If freehold property had not been revalued it would have been included at the following historical cost:

2025 2024
(Unaudited)
£    £   
Cost 988,657 988,657
Aggregate depreciation 116,163 99,288

Value of land in freehold land and buildings 144,896 144,896

The property was revalued at 31 March 2024 by an experienced qualified RICS valuer at £2,601,000 at open market value. In the opinion of the directors, the carrying value of the revalued property is not materially different to its market value at 31 March 2025.

8. STOCKS
2025 2024
(Unaudited)
£    £   
Stock and work in progress 865,149 706,131

9. DEBTORS: AMOUNTS FALLING DUE WITHIN ONE YEAR
2025 2024
(Unaudited)
£    £   
Trade debtors 1,980,565 1,969,069
Directors' current accounts 82 136
Prepayments and accrued income 24,039 19,471
2,004,686 1,988,676

The company is subject to an invoice discounting agreement which is secured on the company debtor book.

10. CREDITORS: AMOUNTS FALLING DUE WITHIN ONE YEAR
2025 2024
(Unaudited)
£    £   
Bank loans and overdrafts (see note 12) 183,400 168,500
Hire purchase contracts (see note 13) 11,774 11,774
Trade creditors 474,333 367,802
Corporation tax 270,033 -
Social security and other taxes 100,974 93,647
VAT 227,335 282,967
Other creditors 47,149 44,050
Directors' current accounts 160,132 156,702
Accruals and deferred income 438,482 211,227
1,913,612 1,336,669

Kempston Limited (Registered number: 01425972)

Notes to the Financial Statements - continued
for the Year Ended 31 March 2025

10. CREDITORS: AMOUNTS FALLING DUE WITHIN ONE YEAR - continued

The bank overdraft and loan is secured by a first legal mortgage over the company's freehold property known as the West Side of Brunel Road, Bedford and all moveable plant & machinery.

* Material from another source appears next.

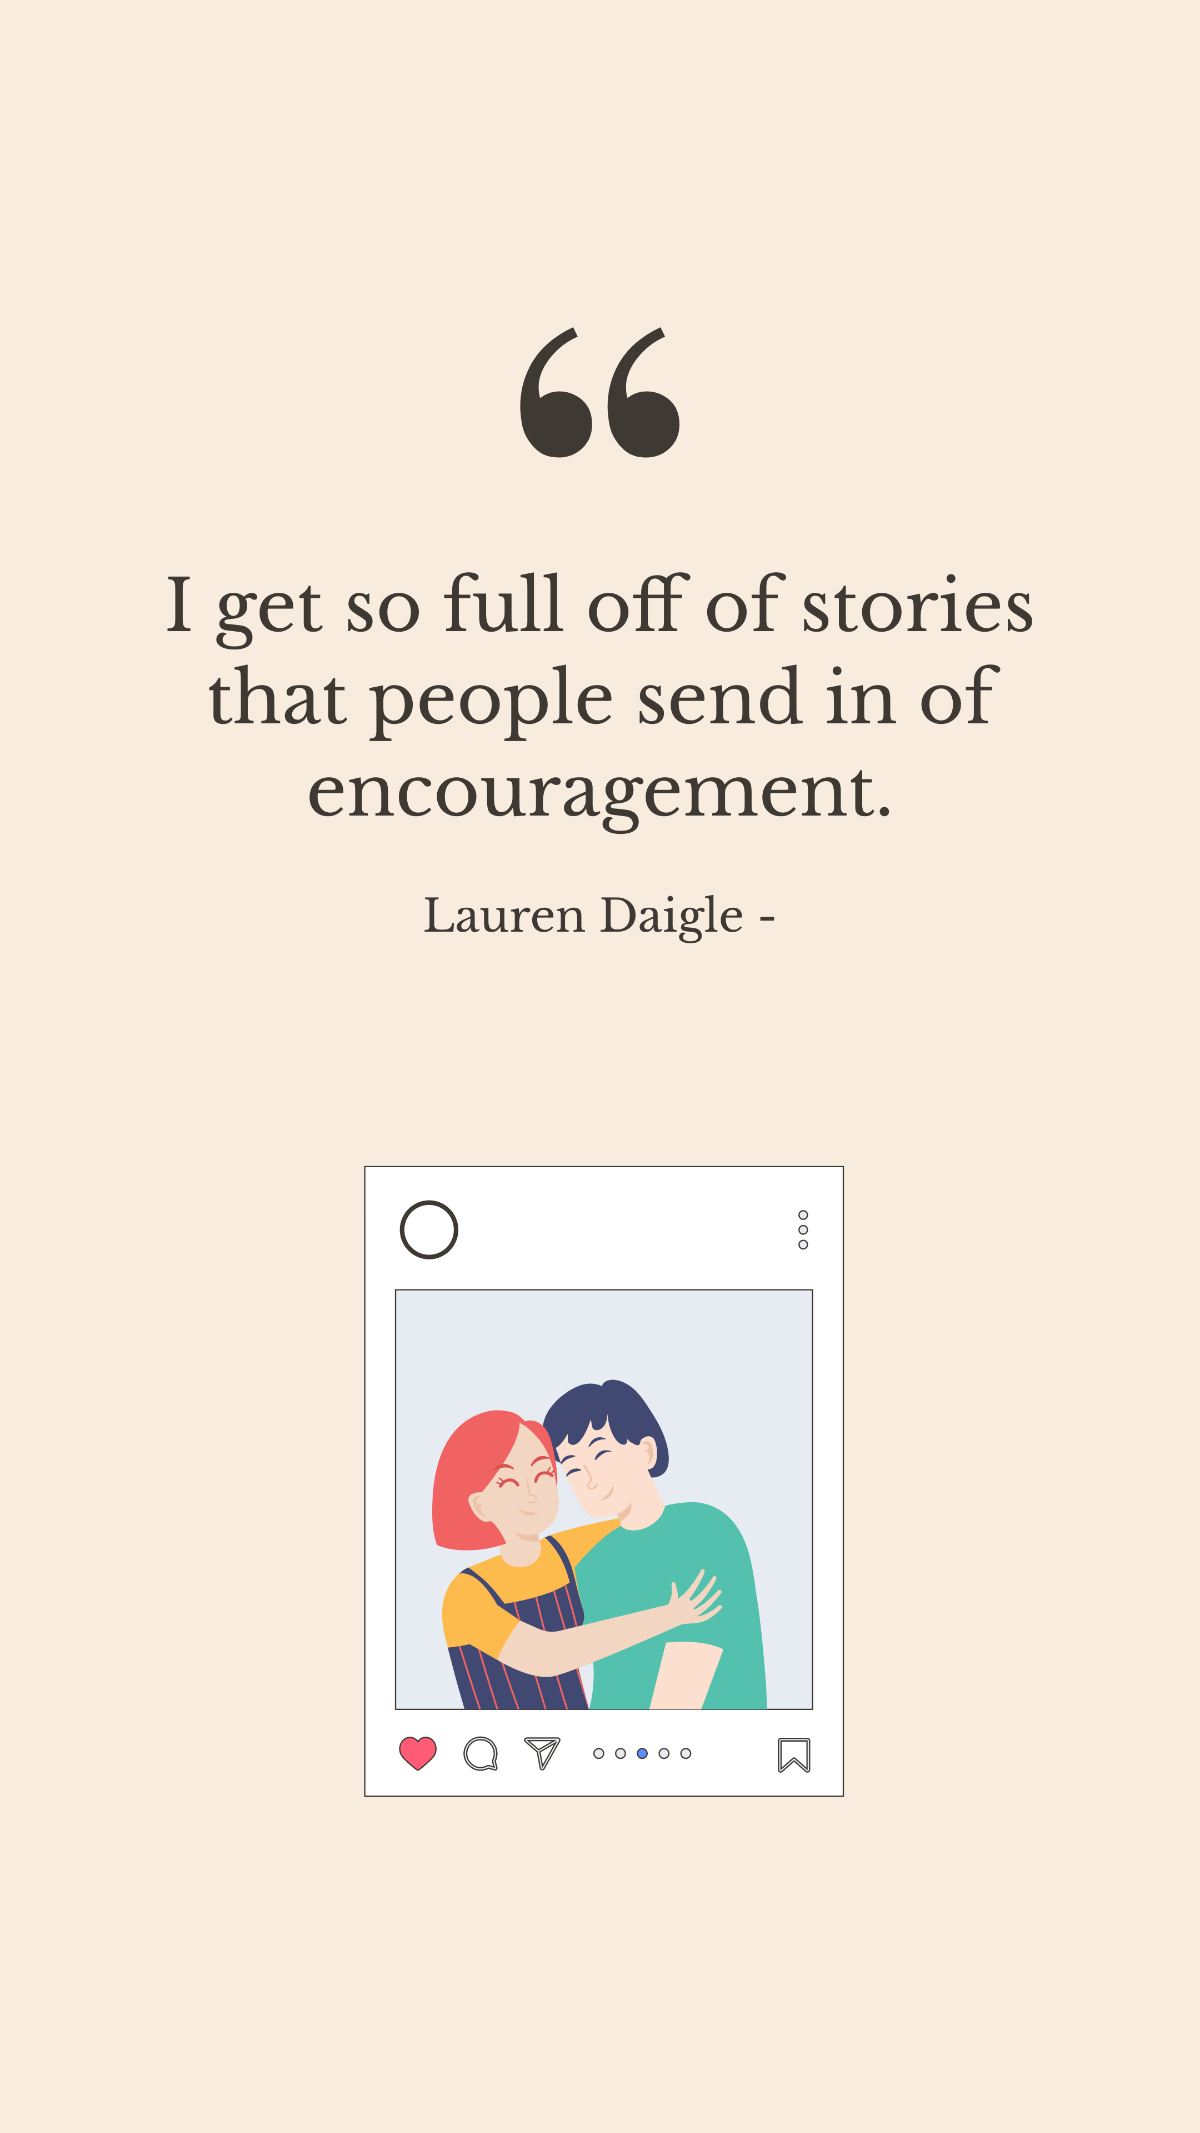 Lauren Daigle - I get so full off of stories that people send in of encouragement.

11. CREDITORS: AMOUNTS FALLING DUE AFTER MORE THAN ONE YEAR
2025 2024
(Unaudited)
£    £   
Bank loans (see note 12) 272,342 460,995
Hire purchase contracts (see note 13) 1,962 13,736
274,304 474,731

12. LOANS

An analysis of the maturity of loans is given below:

2025 2024
(Unaudited)
£    £   
Amounts falling due within one year or on demand:
Bank loans 183,400 168,500

Amounts falling due between one and two years:
Bank loans - 1-2 years 160,153 168,500

Amounts falling due between two and five years:
Bank loans - 2-5 years 112,189 292,495

13. LEASING AGREEMENTS

Minimum lease payments fall due as follows:

Hire purchase
contracts
2025 2024
(Unaudited
£    £   
Net obligations repayable:
Within one year 11,774 11,774
Between one and five years 1,962 13,736
13,736 25,510

Non-cancellable
operating leases
2025 2024
(Unaudited)
£    £   
Within one year 63,467 128,343
Between one and five years 79,007 142,473
142,474 270,816

Kempston Limited (Registered number: 01425972)

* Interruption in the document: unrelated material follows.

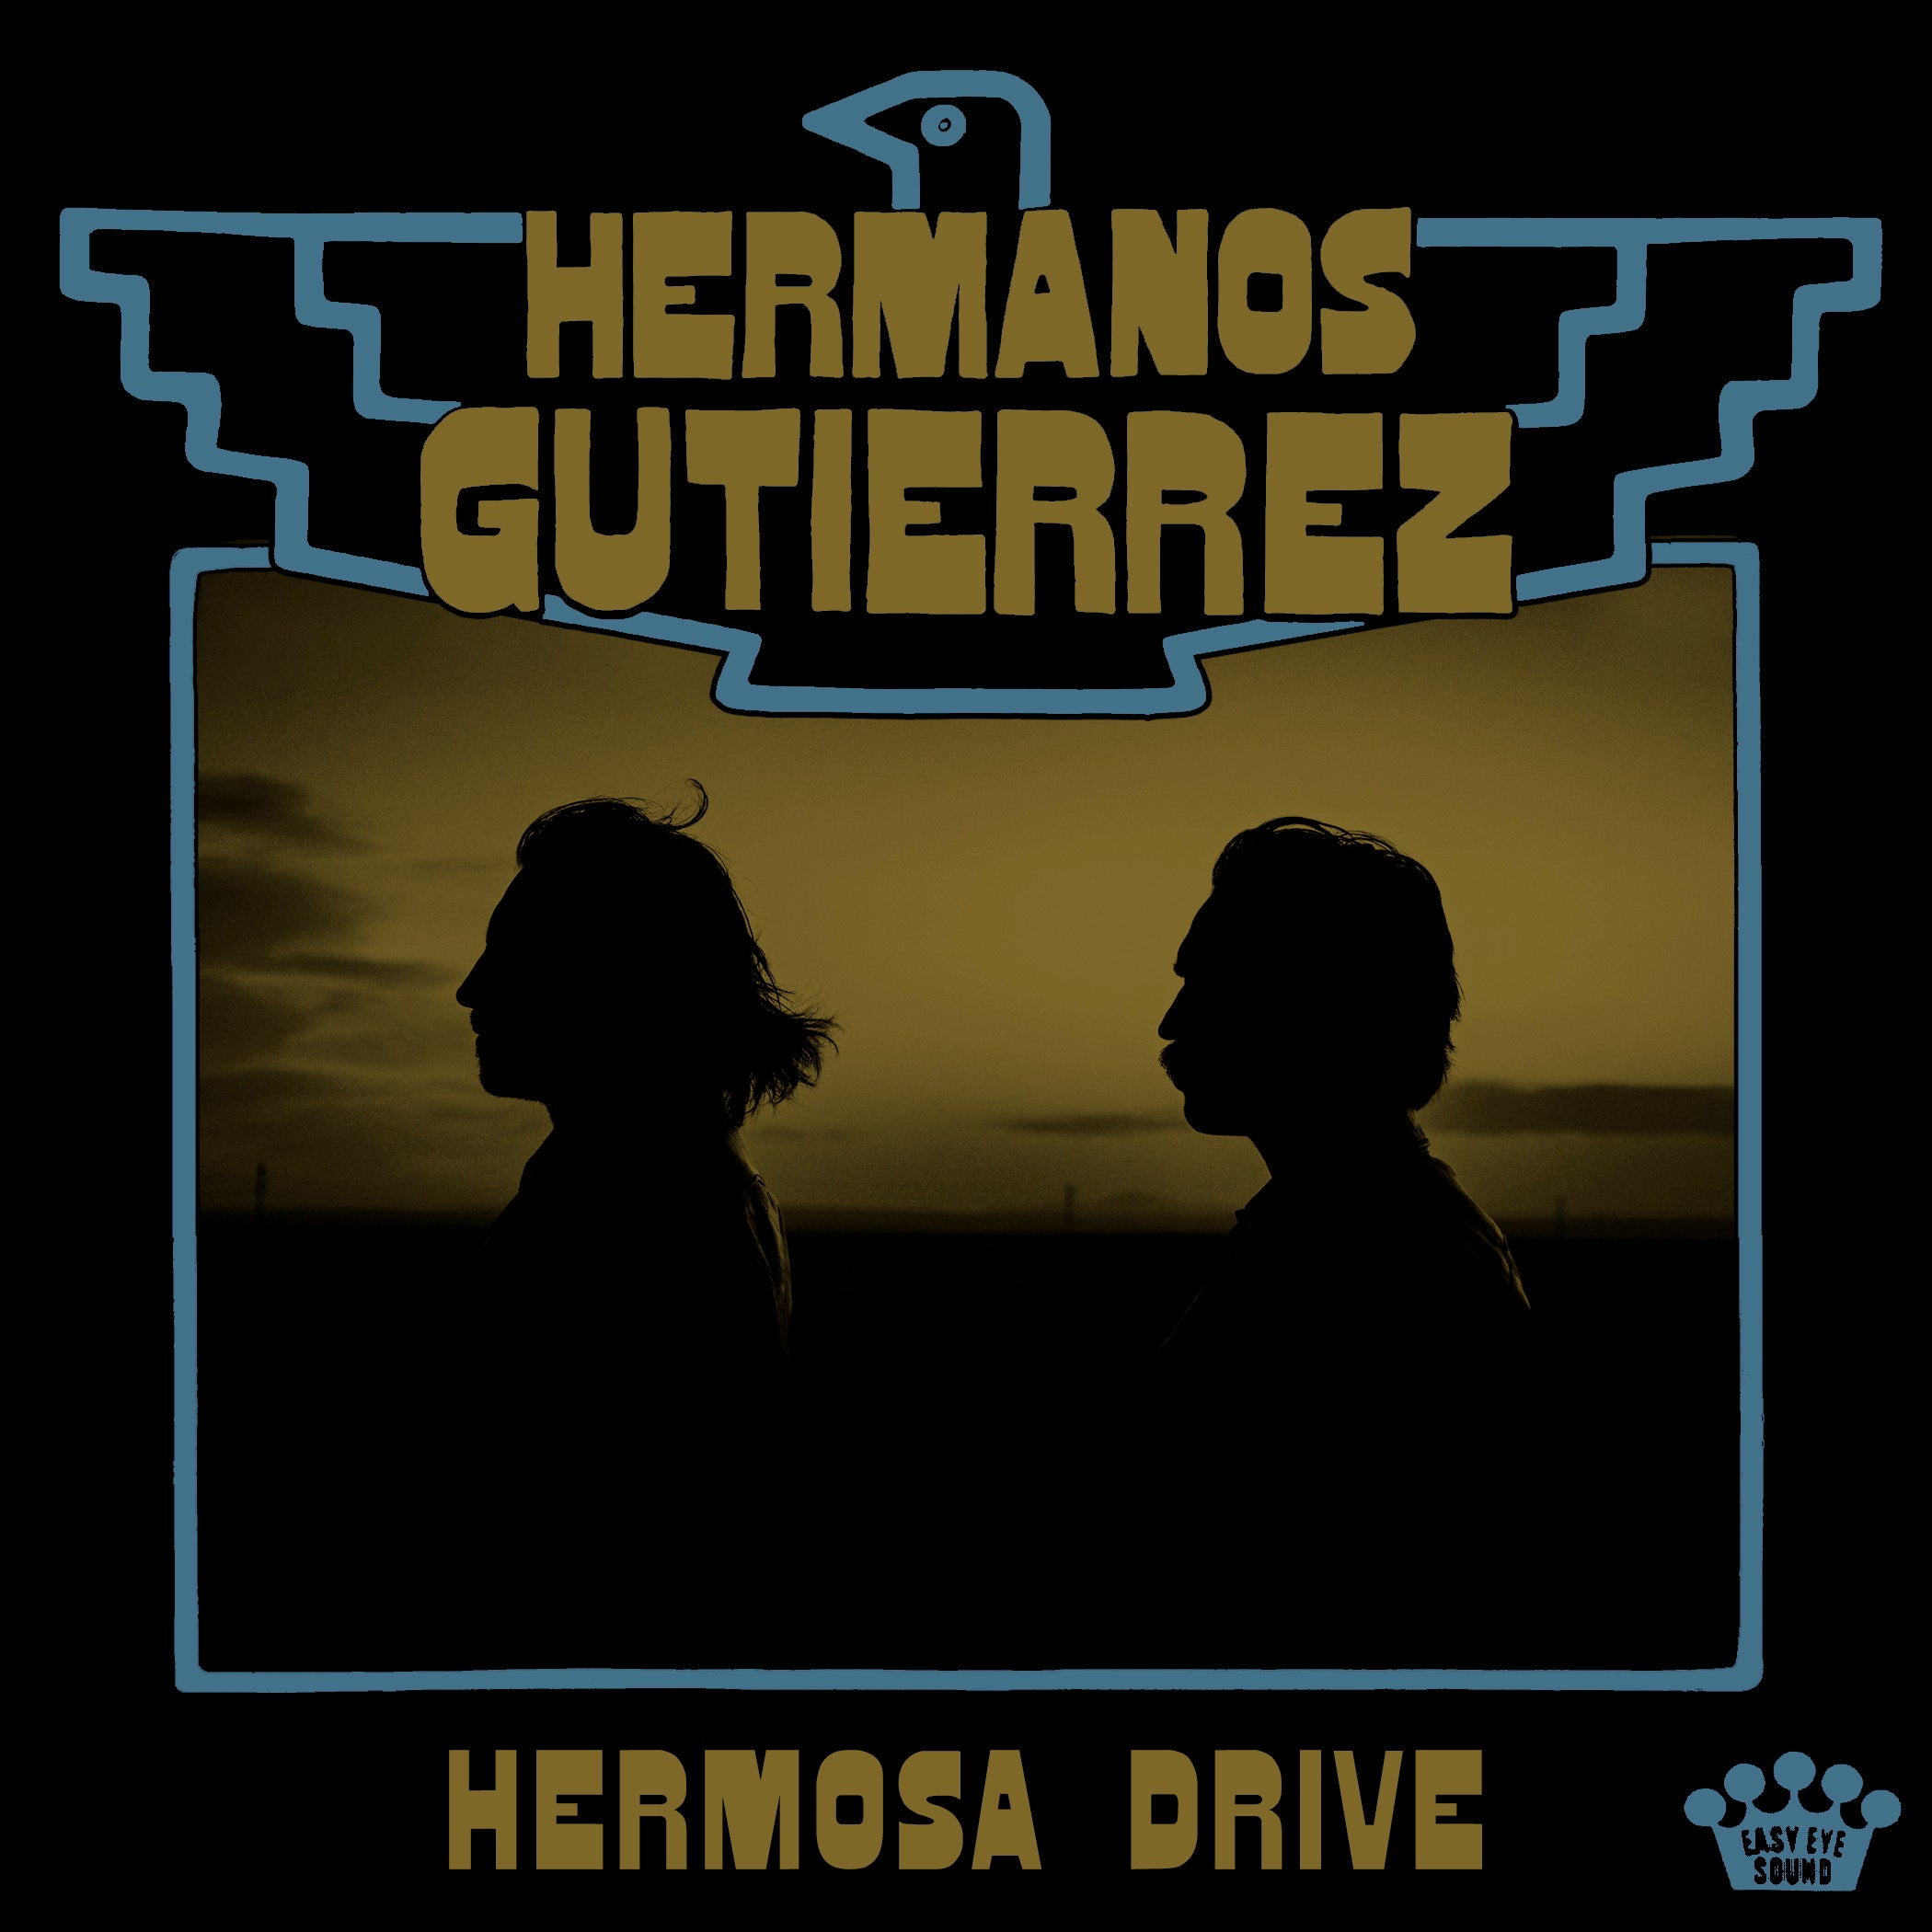 NEW SINGLE, “HERMOSA DRIVE,” BY HERMANOS GUTIÉRREZ

Notes to the Financial Statements - continued
for the Year Ended 31 March 2025

14. SECURED DEBTS

The following secured debts are included within creditors:

2025 2024
(Unaudited)
£    £   
Bank loans 455,742 629,495
Hire purchase contracts 13,736 25,510
469,478 655,005

The hire purchase creditor is secured on the assets to which it relates.

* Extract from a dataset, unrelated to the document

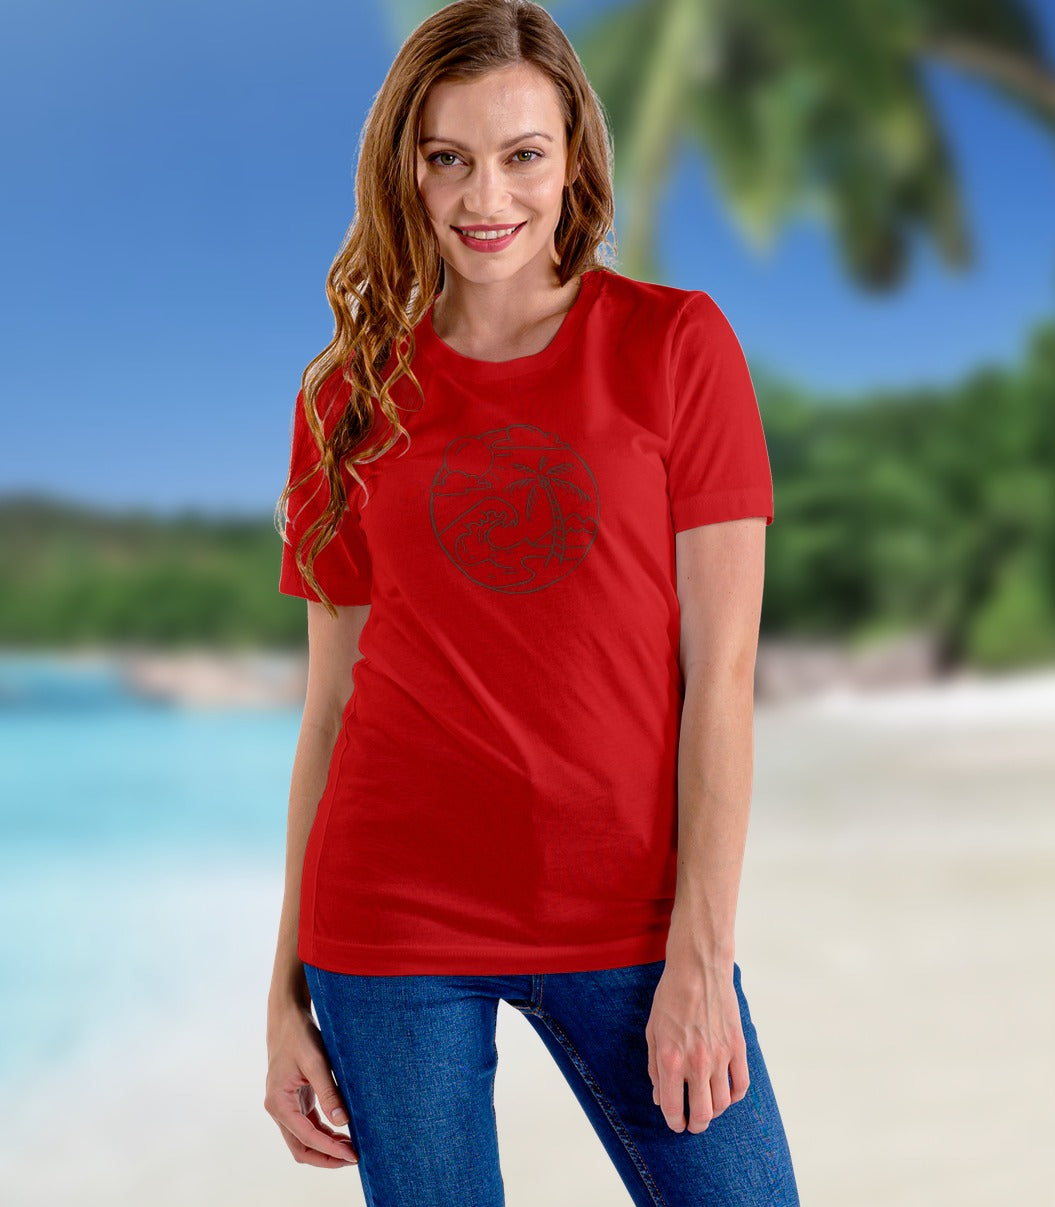 Beach Holiday Women's Boyfriend T-shirt

15. PROVISIONS FOR LIABILITIES
2025 2024
(Unaudited)
£    £   
Deferred tax 555,959 569,875

Deferred
tax
£   
Balance at 1 April 2024 569,875
Provided during year (13,916 )
Balance at 31 March 2025 555,959

Deferred taxation is provided for at the standard rate of corporation tax of 25% and represents temporary timing differences between depreciation and capital allowances of £285,736 and potential deferred taxation of £270,223 on revalued property after allowing for cost and indexation where applicable.

16. CALLED UP SHARE CAPITAL

Allotted, issued and fully paid:
Number: Class: Nominal 2025 2024
value: £    £   
100 Ordinary £1.00 100 100

17. RESERVES

The revaluation reserve represents the non-distributable element of the profit and loss reserve.

18. RELATED PARTY DISCLOSURES

Within creditors is a director's loan account of £160,132 (2024: £156,702) which is interest free and repayable on demand.

The company leases part of its premises from the Kempston Ltd pension scheme for £80,000pa (2024: £80,000).

There are no key management personnel other than the directors whose emoluments are disclosed in note 3.

19. ULTIMATE CONTROLLING PARTY

The company is controlled by Mr R Thornton.